Update: Seems we have a minor bug in Counting - 32-bit truncation on getting the argument from command line. To get the flag you need to calculate the result of executing code for the full 64-bit 9009131337 value as the description states. A result for a truncated 32-bit value won't give you the correct result. We apologize for the inconvenience.


We are given [two files](./challenge):


code: data
counter: ELF 64-bit LSB executable, x86-64, version 1 (SYSV), dynamically linked, interpreter /lib64/ld-linux-x86-64.so.2, for GNU/Linux 2.6.24, BuildID[sha1]=ac70b7c58cc7989f829c0f0d50431ea0a92cbefb, stripped


We don't know what code is. Let's try running some inputs:


$for i in 32 33 34 35; do /usr/bin/time -f "%e" ./counter$i; done
CTF{0000000000000075}
2.59
CTF{0000000000000200}
4.10
CTF{0000000000000148}
6.46
CTF{000000000000009d}
10.68


That looks like exponential time. Running the program with the provided input isn't going to finish any time soon.
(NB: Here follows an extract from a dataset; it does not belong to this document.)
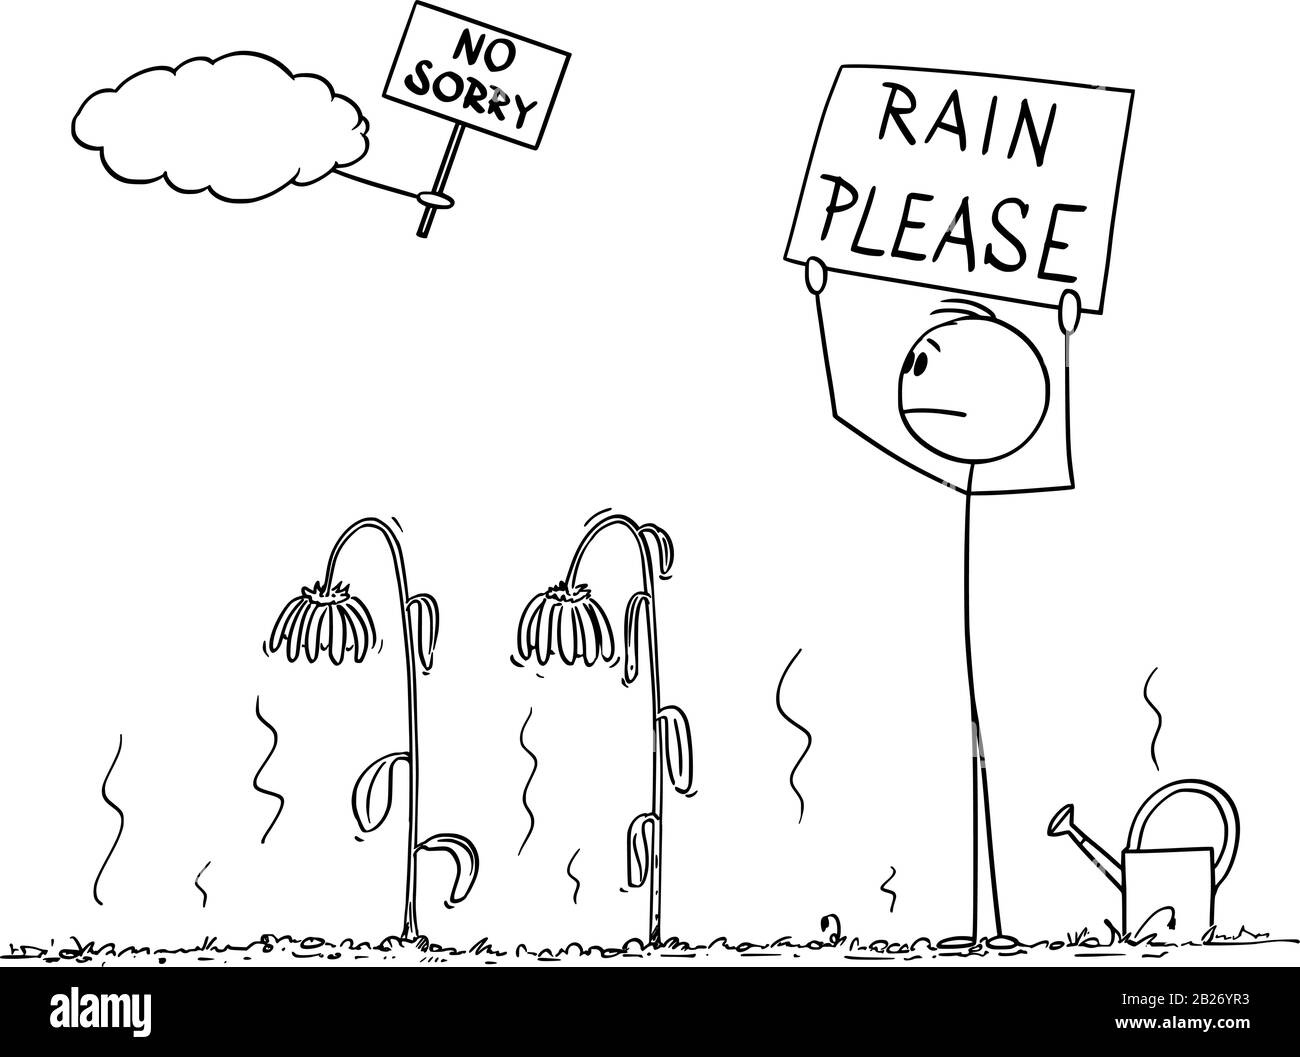 Vektor-Zeichentrickfigur Zeichnung konzeptionelle Illustration von Mann oder Gärtner auf Garten mit ausgetrockneten Pflanzen Blick auf den Himmel und Regen bitte unterschreiben, Wolke sagt nicht leid. Stock Vektor

Maybe if we figure out what it's calculating we can write a more efficient algorithm for it. Let's get to reversing!

We open it up in IDA and start going through it with the Hex-Rays Decompiler. We quickly figure out we're looking at a VM that loads its bytecode from the code file, verifies it's valid and finally executes it. Reversing the VM is quite easy, especially with the decompiler, so we won't be going into the details. Cleaned up and recompilabile source code is [available](./reverse/counter.c).

It is clear now that we'll have to reverse the bytecode. Sounds like fun.

# The VM

The code file starts with a 4-byte integer that specifies the number of instructions that follow. Instructions are labeled in the order the appear in the file, so the first one is instruction 0, the second one is instruction 1 and so on. Each instruction is a 16-byte structure with four 4-byte fields:

- **Opcode:** indicates the type of instruction;
- **Operand:** depends on the opcode;
- **Next 1 and 2:** labels of the next instructions to execute.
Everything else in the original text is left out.